Publishing group Informa (INF) has rallied by 30% since November 2012 on bid speculation, yet analysts are now turning more cautious on the FTSE 250 constituent's prospects ahead of full-year results on Thursday (21 Feb).
The £3 billion cap has enjoyed strong share price gains in the past three months on talk that the company is being stalked by Germany?s Axel Springer and a private equity consortium including Apax and Carlyle. It has previously been the subject of merger talk with rival FTSE 250 publisher UBM.
But as the merger and acquisition chatter has failed to materialise into a firm bid, analysts fear the market will want to see evidence of a turnaround in what remain tough trading conditions.
October's third-quarter update (16 Oct '12) revealed a disappointing 2% fall in like-for-like (LFL) sales during the first nine months of 2012 and consensus is predicting a 1% decline for the full year. In order to make the full-year numbers the business will need to have seen a 2% rise in LFL revenues in the fourth quarter.

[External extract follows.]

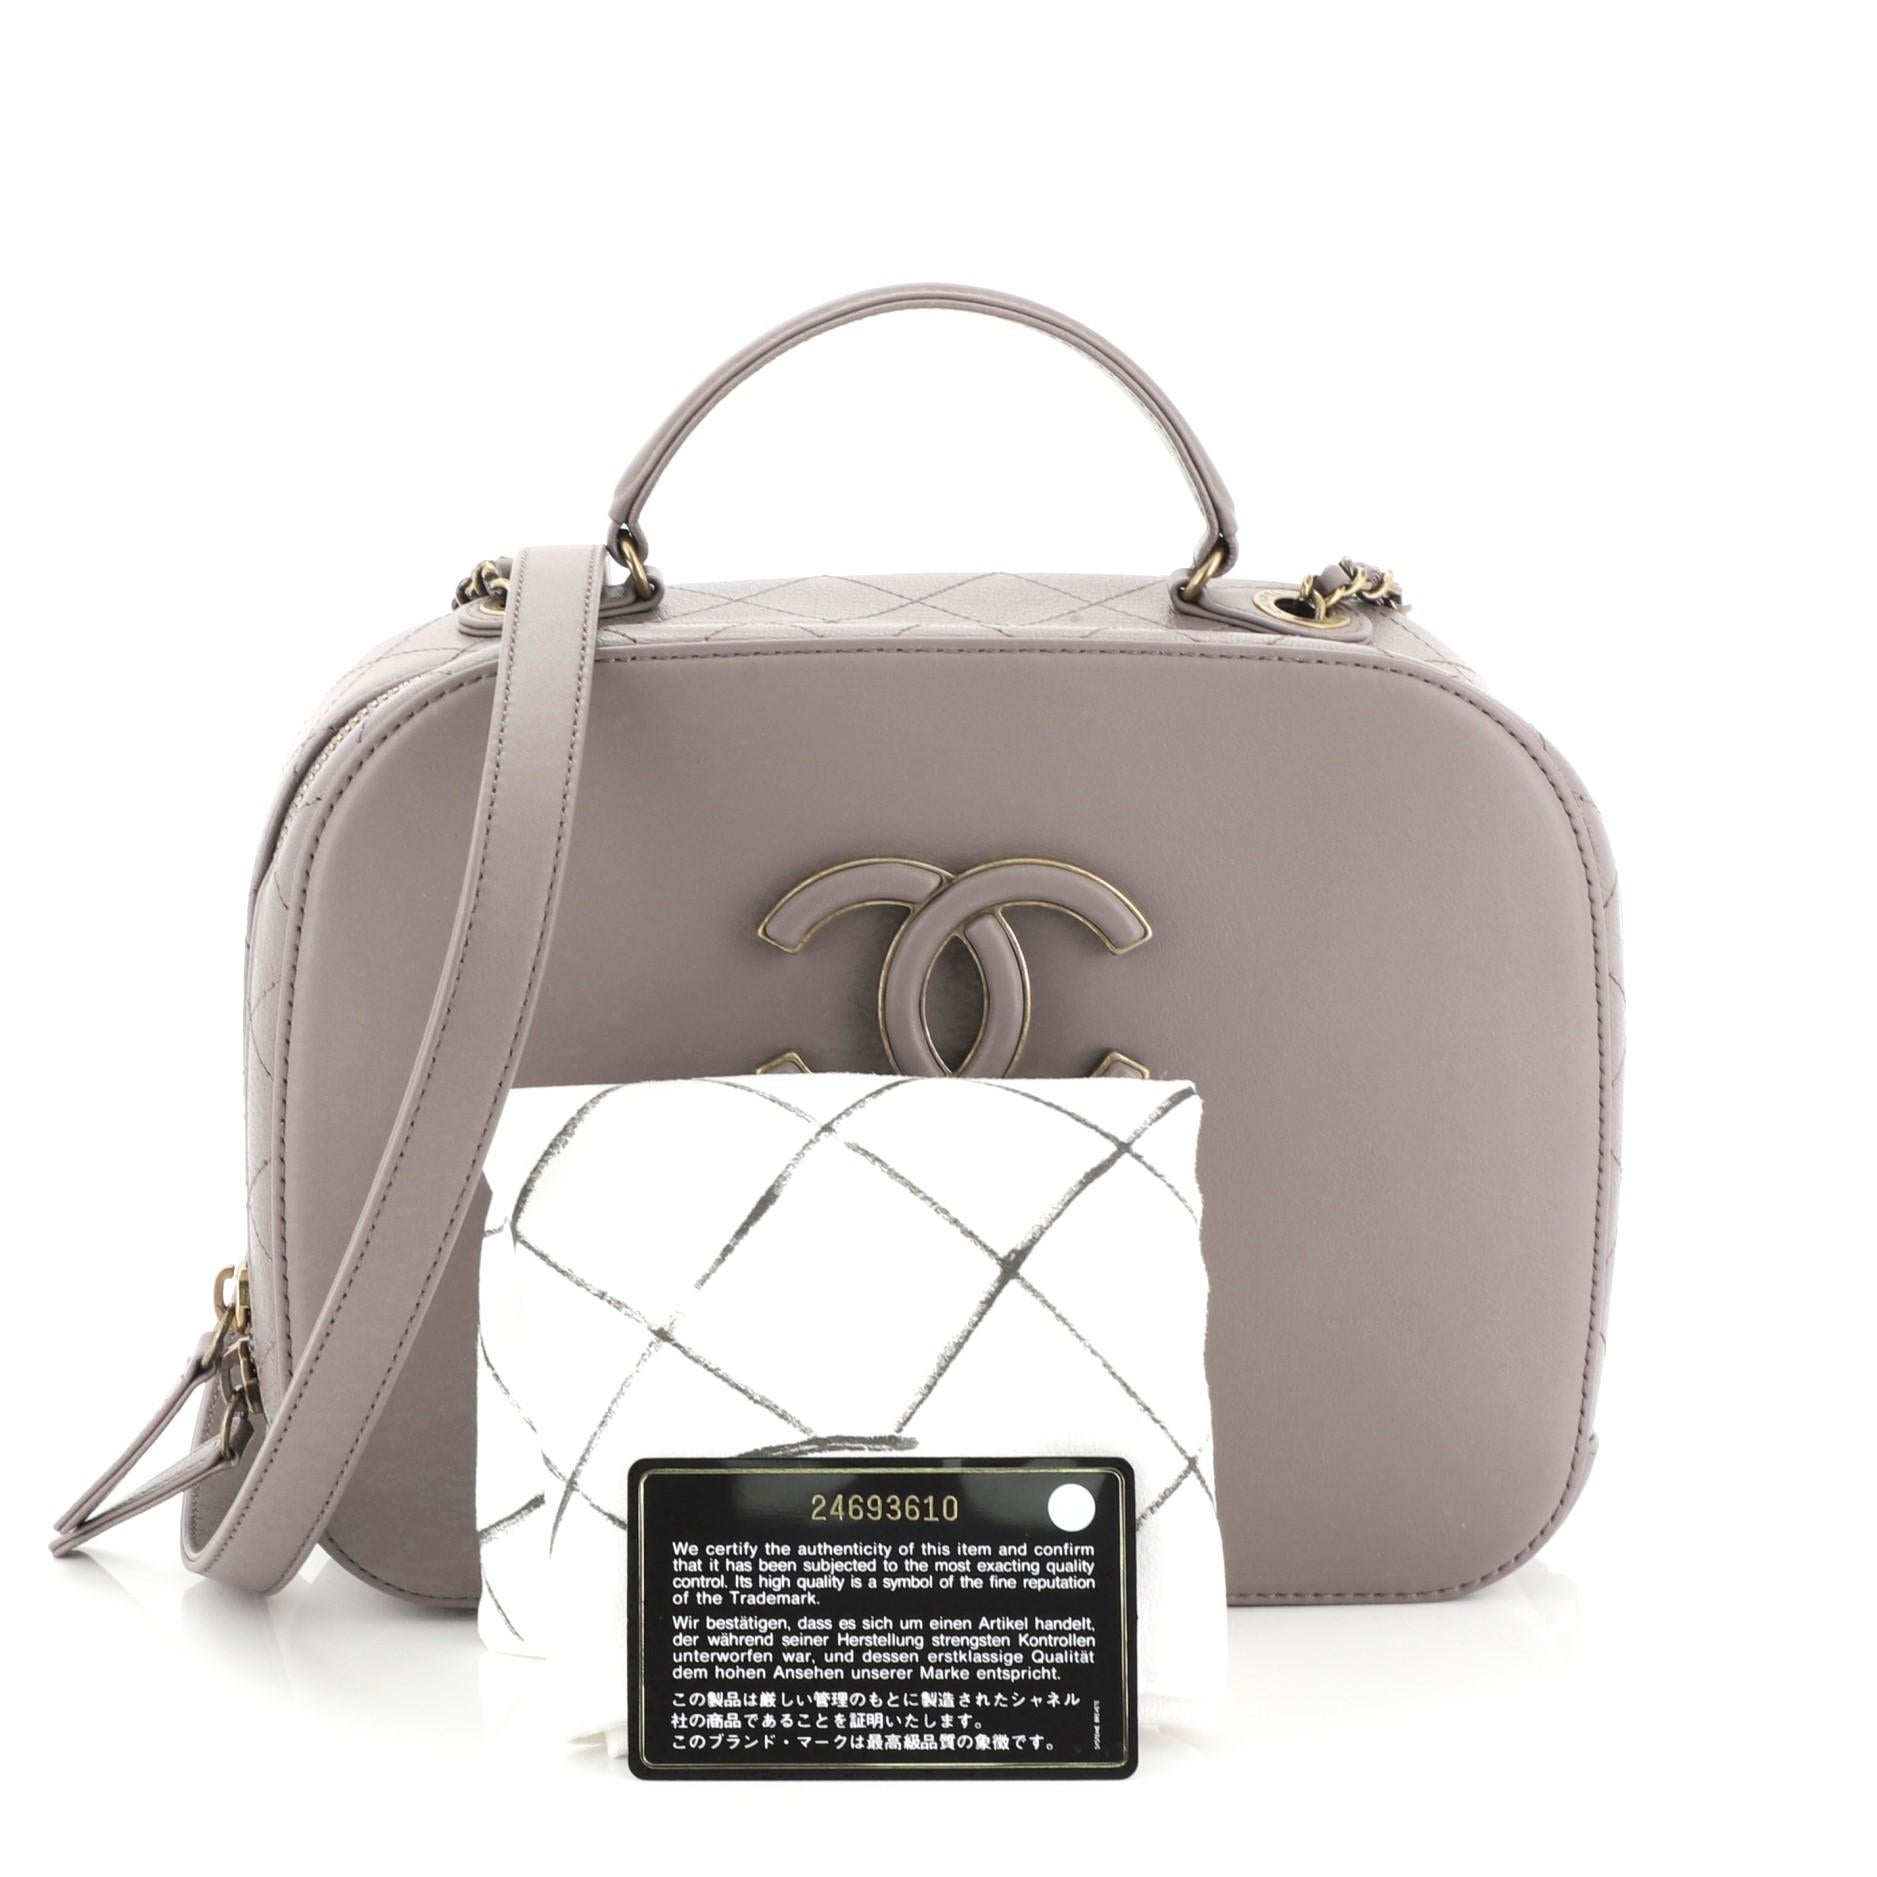 This Chanel Coco Curve Vanity Case Calfskin and Quilted Goatskin Medium, crafted in purple calfskin and quilted goatskin, features a leather top handle, woven-in leather chain strap with leather pad, CC logo at front, exterior back zip pocket, and

Investec analyst Steve Liechti says: 'Sales could disappoint in 2012 but margin should do OK given cost rationalisation.' Meanwhile Roddy Davidson, from Westhouse, says: 'We moved our recommendation to neutral in December following a period of strong share price performance, which we felt owed more to bid speculation than underlying trading.'
Informa's big issue is its high exposure to the cyclical events space which accounts for 45% of revenues and approximately two thirds of profits. At its October update it warned of challenging conditions facing its smaller European conferences, in particular.
At the headline level, the market is forecasting sales of £1 billion for 2012, up 3.7% on 2011's £972 million turnout. A final dividend payout of 21.7p is predicted by consensus, for a total 27.7p distribution in 2012, equivalent to a 3.6% yield.